Cette politique a été justifiée en raison de la pandémie de covid-19 et du risque sanitaire posé par l’entrée irrégulière d’immigrants.

M. Grandi a indiqué que les déportations d’Haïtiens ont lieu sans tenir compte de leurs besoins de protection et que cette mesure viole les normes internationales et peut constituer des rapatriements forcés.

Haïti, considéré comme le pays le plus pauvre de l’Amérique, est confronté à une profonde crise politique et sociale qui a été exacerbée par le tremblement de terre du 15 août et l’assassinat du président de facto Jovenel Moise le 7 juillet dernier.

Biden s’engage à mettre la situation « sous contrôle ».

Mardi, aux Nations unies, le président américain Joe Biden s’est engagé à « maîtriser la situation » à la frontière avec le Mexique, où des milliers de migrants, principalement des Haïtiens, ont traversé ces derniers jours.

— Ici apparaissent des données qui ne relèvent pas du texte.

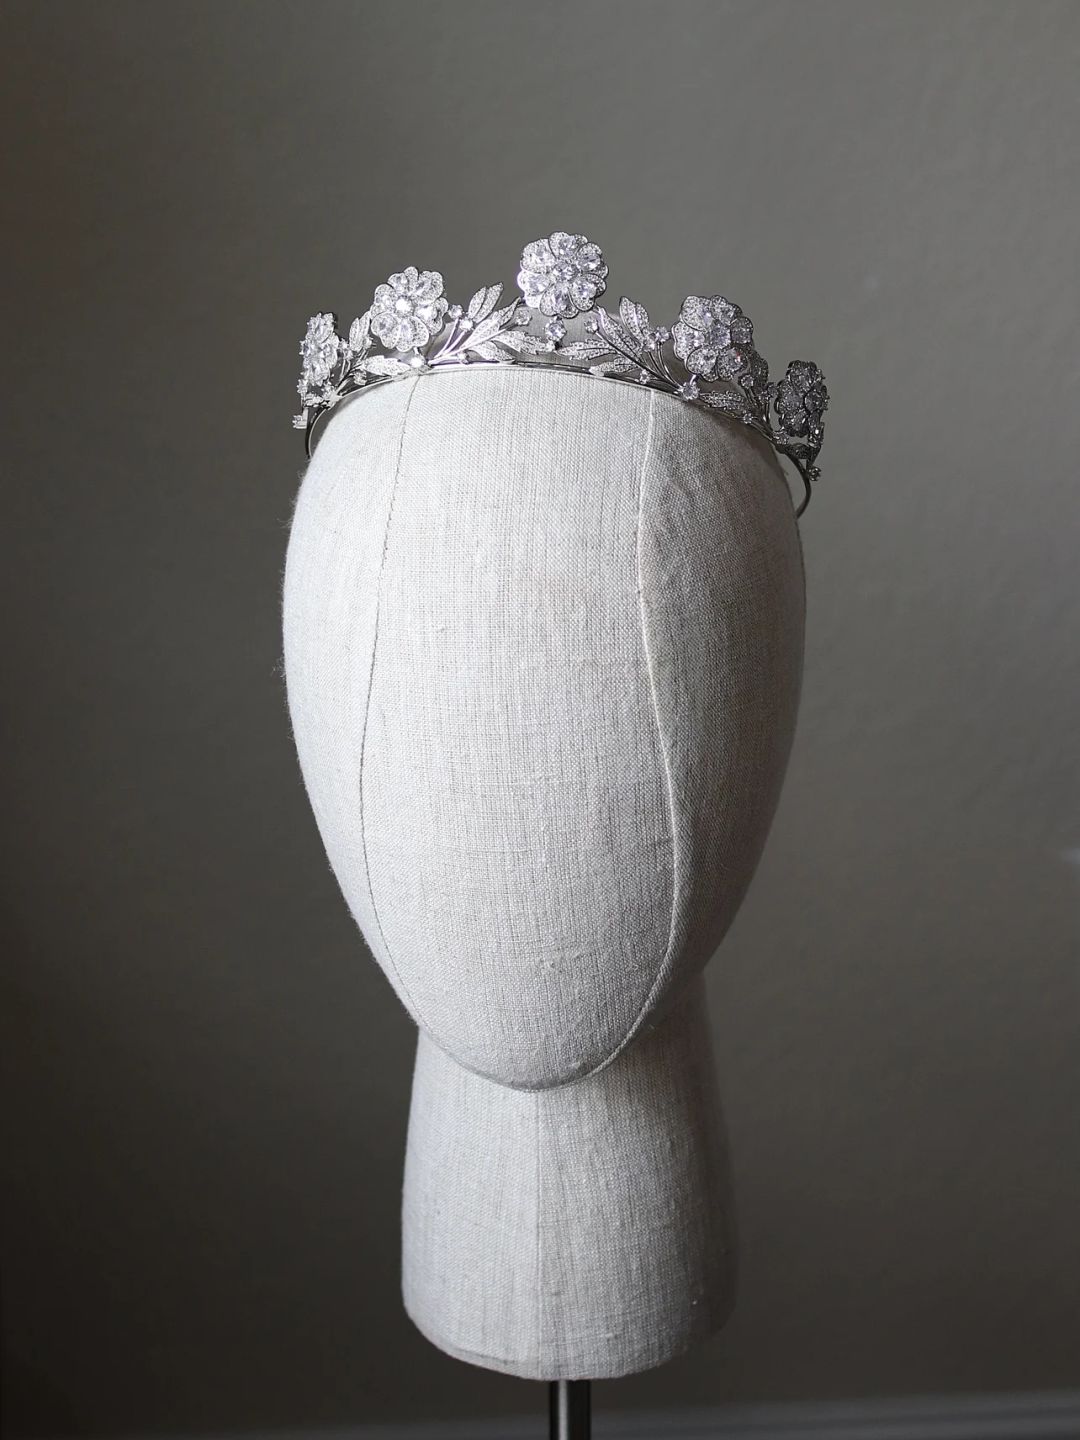 we've found an exact replica of princess kate's strathmore rose tiara

« Nous allons maîtriser la situation », a déclaré M. Biden dans une brève déclaration à la presse alors qu’il quittait le siège des Nations unies après avoir prononcé son premier discours en tant que président devant l’Assemblée générale des Nations unies.

Le président répondait à une question sur sa réaction aux images de la situation à la frontière, et il n’est pas clair si sa réponse faisait référence au volume de migrants qui se sont rassemblés dans la zone ou aux photographies de la façon dont les agents de la patrouille frontalière les ont traités.

L’une de ces photos montre un agent blanc de la patrouille frontalière à cheval qui saisit un migrant noir par la chemise, tout en le frappant apparemment avec ce qui ressemble à un fouet, du côté américain du Rio Grande, qui sépare les États-Unis du Mexique.